Across the Tracks

 

While some think our government has gone overboard on building roads, anger is building in the US as infrastructure, including roads, is crumbling and there’s no money to do anything about it.

A report from a transportation think-tank says in New York, 82% of major roads in the city are in poor condition, and 35% of bridges are structurally deficient.

The story is repeated everywhere. In Indiana, for example 4,111 bridges are either structurally deficient or functionally obsolete, according to the Federal Highway Administration. Pennsylvania has 1300 structurally deficient bridges. An engineer who parked under one main bridge recently looked up and discovered it had a major crack that could have led to a major collapse.

Every state reports not enough funds. Pennsylvania is $4.7 billion a year short of what it needs to keep highways, bridges and transit in good repair.

Politicians are refusing to increase petrol taxes or car rego fees.

From an op-ed in today’s New York Times, entitled “America Goes Dark”:

“..a country that once amazed the world with its visionary investments in transportation, from the Erie Canal to the Interstate Highway System, is now in the process of unpaving itself: in a number of states, local governments are breaking up roads they can no longer afford to maintain, and returning them to gravel.”

Other interesting reading today:

Speed up buses and trains: A mobility expert at the University of South Florida, has applied a time-is-money test to travel by transit, arguing that slow overall speeds of buses and trains rob U.S. riders of $44 billion a year. That’s more than two-thirds the annual time cost of road congestion for many millions more drivers nationwide.
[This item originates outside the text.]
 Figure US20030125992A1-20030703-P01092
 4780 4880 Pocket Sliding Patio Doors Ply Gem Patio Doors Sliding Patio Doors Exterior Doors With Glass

Read

Use PT & Save: A report says Americans living in 20 of the nations largest cities could save an average of $12,600 a year if they ditched the car, and just rode public transportation. Read

Historic Railway Bulldozed: Germans are upset by a hotly disputed plan to completely rebuild Stuttgart’s main station at the staggering cost of $12.6 billion. The hugely ambitious scheme involves bulldozing most of an early 20th century railway terminal acclaimed as a monument to early Modernism.

Rugby fan trains work: Dunedin rugby fans loved the idea of going by train to a match in Invercargill - all 300 seats snapped up in 24 hours More

 
 
 

4 Comments

 
  1. Scott says:

    Im quite glad we tax our petrol sales in NZ.

  2. Carl says:

    that trip on the train from otago to invercargill would have been awesome.. anyone do it?

  3. karl says:

    The Stuttgart train station doesn’t really demolish most of the old station at all. The main building is retained, only some wings are going.

    Mind you, if Aucklanders want to see a real CBD tunnel scheme, this is where to look at - most of those 12 billion are for undergrounding an existing terminus as a new through station and digging lots of tunnels. Hopefully, ours will not be so controversial in WHAT to do (we have enough controversy about how to fund it).